Thursday, July 15, 2010

Enough.

I am sick and tired of feeling like this. I believe that watching all of the movies with this stupid love stories are getting to me. I love watching them, but after the movie has finished I just feel this empty feeling for not having a love story of my own. Being so young, I feel that I am putting so much pressure on myself to find someone. But there it is, I am young, I have time to find that someone. I just wish that there was someone that I could say, “I love you, goodnight” to, other than my mother, who by the way is aggravating me to no ends. (Sorry mom, you tell me that I aggravate you everyday! Haha)

So one of the chores I have at home is to mow the lawn. We have a pretty big lawn so it takes about an hour and half to cut the grass, so what else is there to do for 2 hours than think about your life and to assess it. And god does it get me to thinking about the love situation again. But this time I thought about her…. She is real; I just cannot say her name for she may read this post. She is the perfect woman. I could write a complete list of words to describe her, but I will just say one thing, when I am with her, just sitting and talking to her, I feel that we were brought into this world to complete each other and to be each other’s support. But my life is not one of those sappy love movies, it is real life. So of course there is no happy ending for me, not yet anyways. I just pray that one day I have the courage to act on my feelings instead of writing them down for people to read and feel sorry for me.
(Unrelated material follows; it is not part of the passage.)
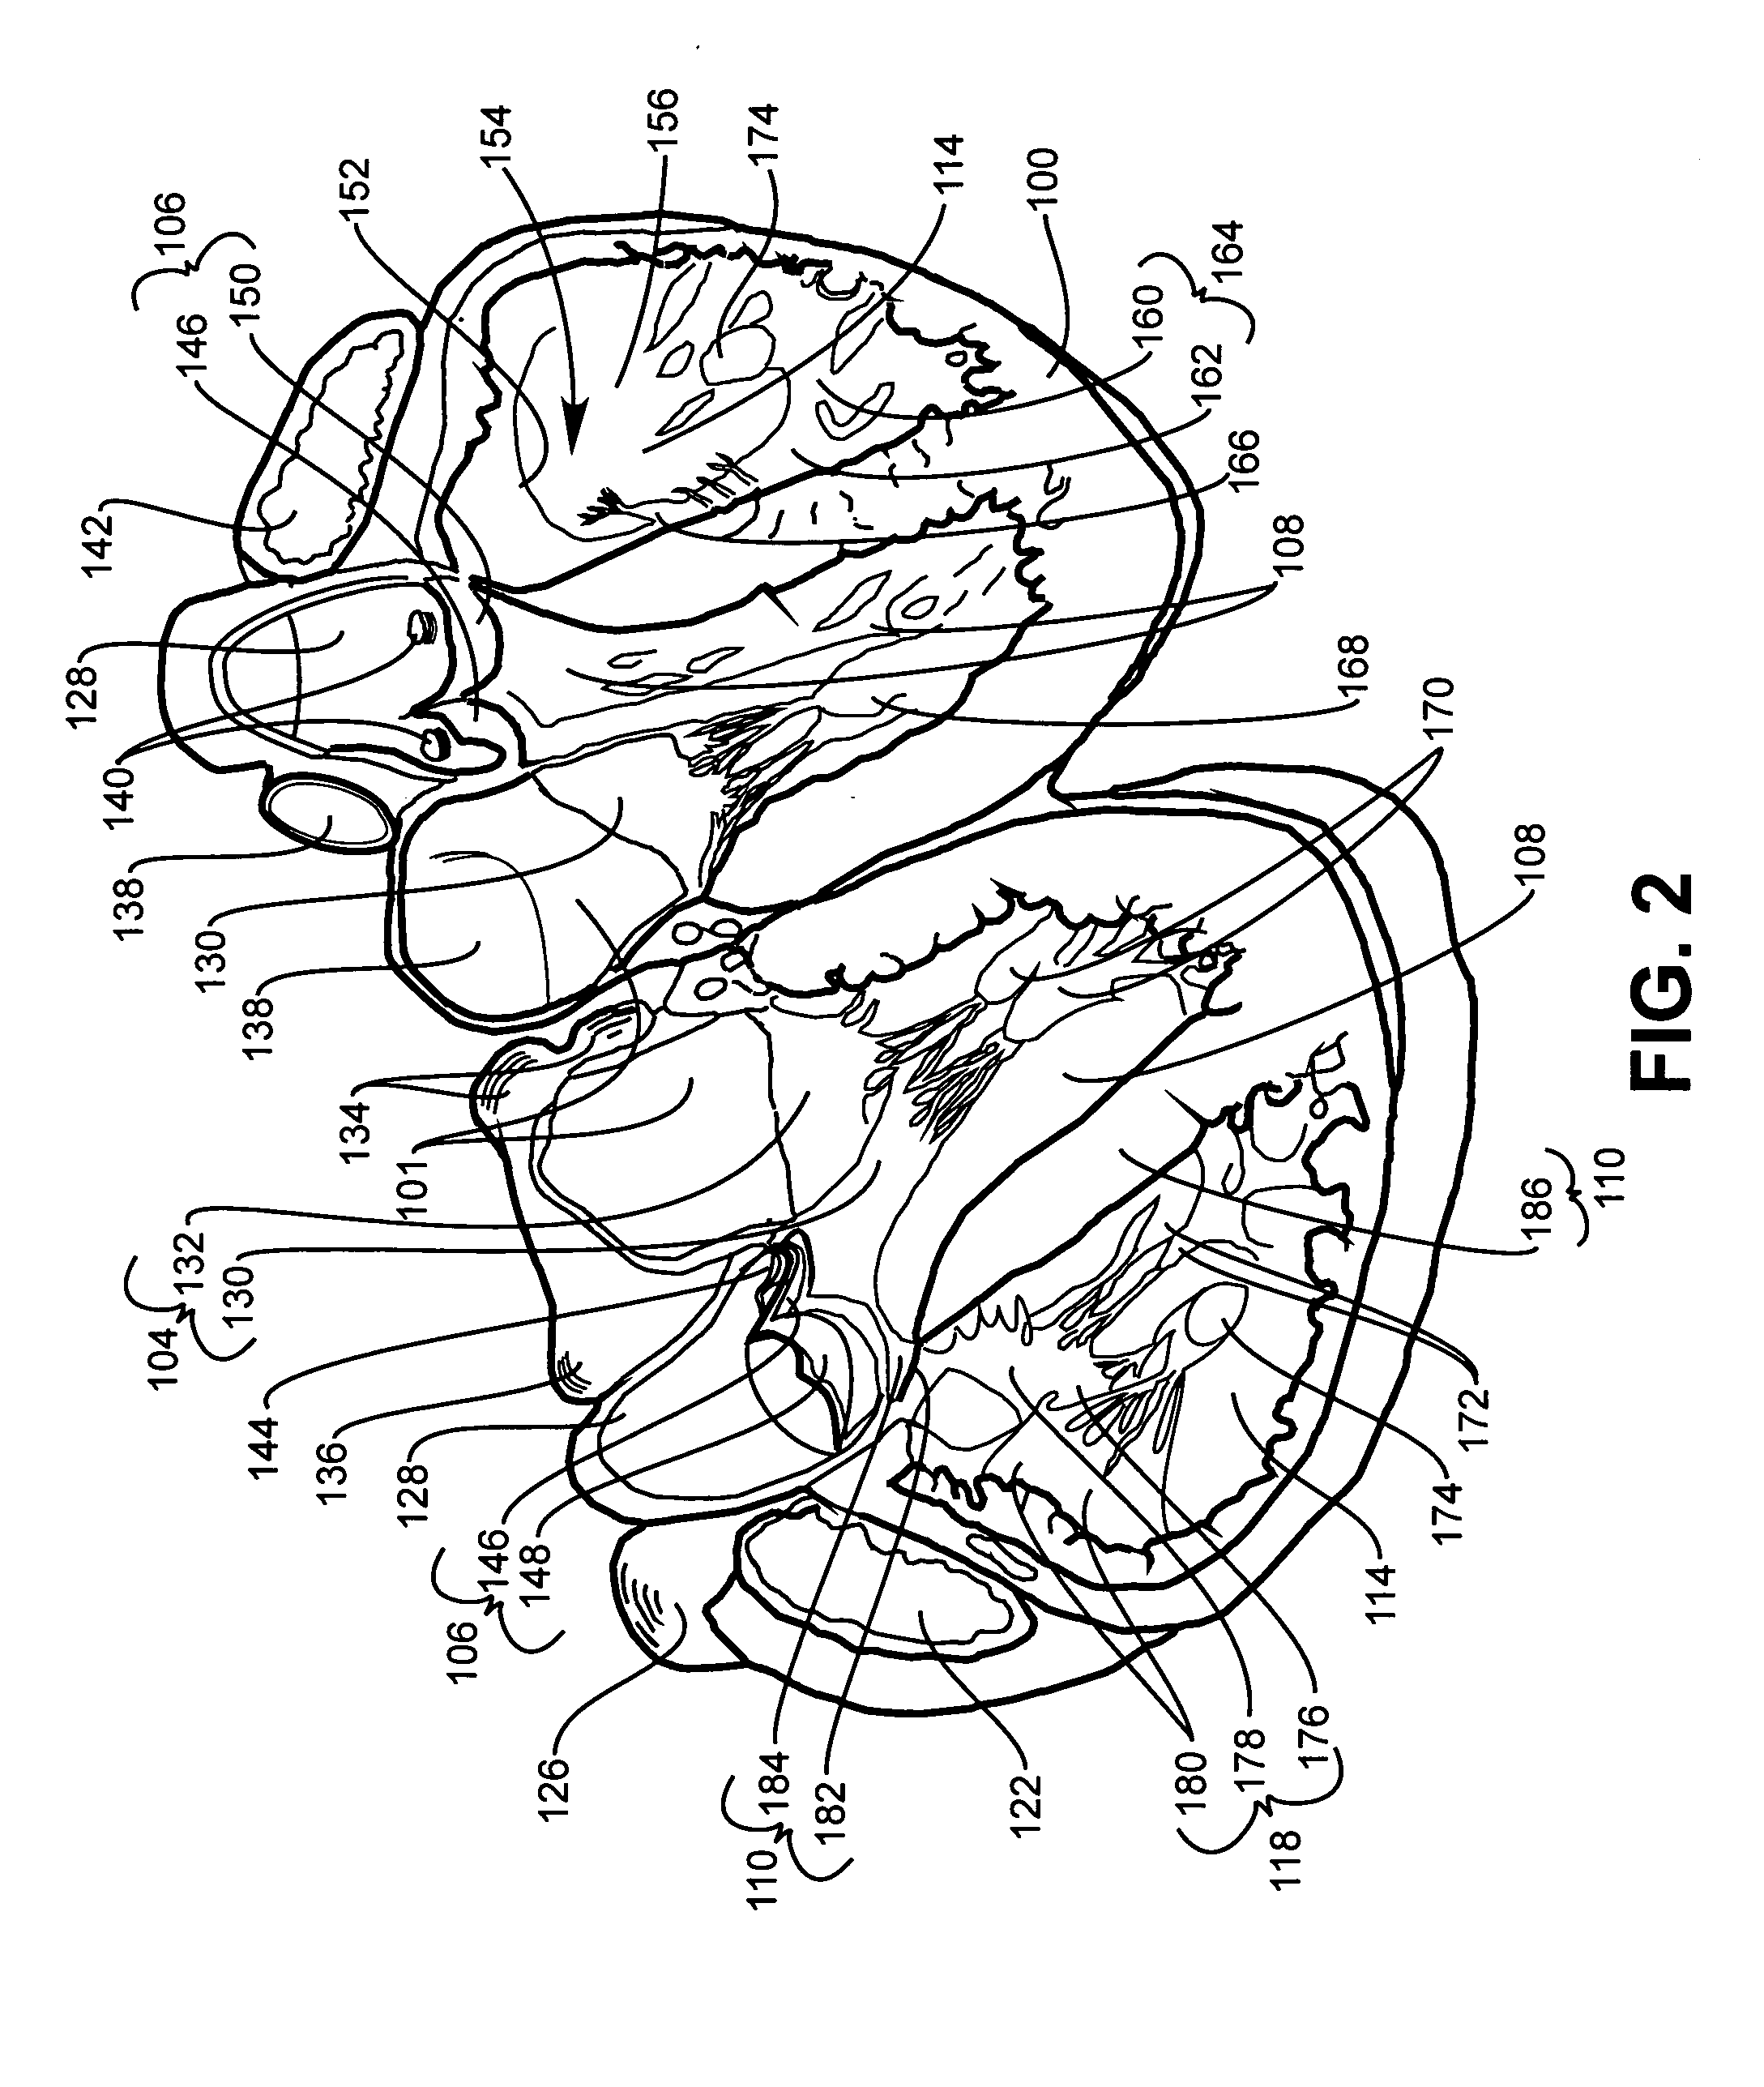 Infusion treatment agents, catheters, filter devices, and occlusion devices, and use thereof

To complete this rant, I have decided on 2 things. I want to lose 30 to 50 pounds in my next two years. I have full access to a state of the art gym and chefs and the ready, so why not use them? In order to achieve this, I am going to need help from my friends. I need support to push me when I am weak and to be there so I do not fall. I also need a gym buddy to go with me to the gym so that I will have someone to push me. If anyone is interested please let me know. Well I guess I am done, I need some sleep. Peace!

Tuesday, June 15, 2010

The Right Decision

So on Tuesdays I usually watch my favorite show Hell's Kitchen. I love this show because it gives an average chef the chance to actually run a restaurant anywhere across the globe. And I started to think, "Did I make the right choice of career intentions?" I have loved cooking ever since I was little. My mother told me that sometimes I would watch Food Network rather than Saturday morning cartoons, when I was little.

Though I love cooking, I do not believe that I can be a chef for my whole life. I already have trouble with standing for too long. So I believe truly and to my core that I made the right decision in not becoming a chef. (Though I preferred to be a pastry chef rather than any typical chef.)

But I now am starting to think, is my dream of being a Math Teacher the right dream to follow. I just feel that I am settling with something that I am good at and not challenging myself to find the perfect career for me. I hate that I cannot make my mind up, but it is just a constant struggle to decide. And I pray with everything, that being a Math Teacher will work out for me.

Sunday, June 13, 2010

The Beginning.

So I decided to start a blog. I really have no idea why except for the fact that I wanted to write what was on my mind. But then when I clicked "New Post," I had nothing to write about. So I sat, and I sat, and I sat, until I decided just to write anything. So here is a little bit about myself. I am 19, I go to UGA, and I am a Math/Math Ed. major. I have the most amazing friends. I love movies, so much I would rather stay-in on a Friday or Saturday night and watch one than to go out and party. Yes, I am that boring.

One of the goals i wanted to accomplish this summer was to read, read, read, and read some more. I have in total read 11 books. I have read the first nine books of the Sookie Stackhouse novels. Let me tell you, these books are to die for. READ THEM. I also read the first two Percy Jackson books. They were alright, a bit childish, but its all good.

So yah this is my first blog and I hope that my next one will have more of a theme and emotion to it.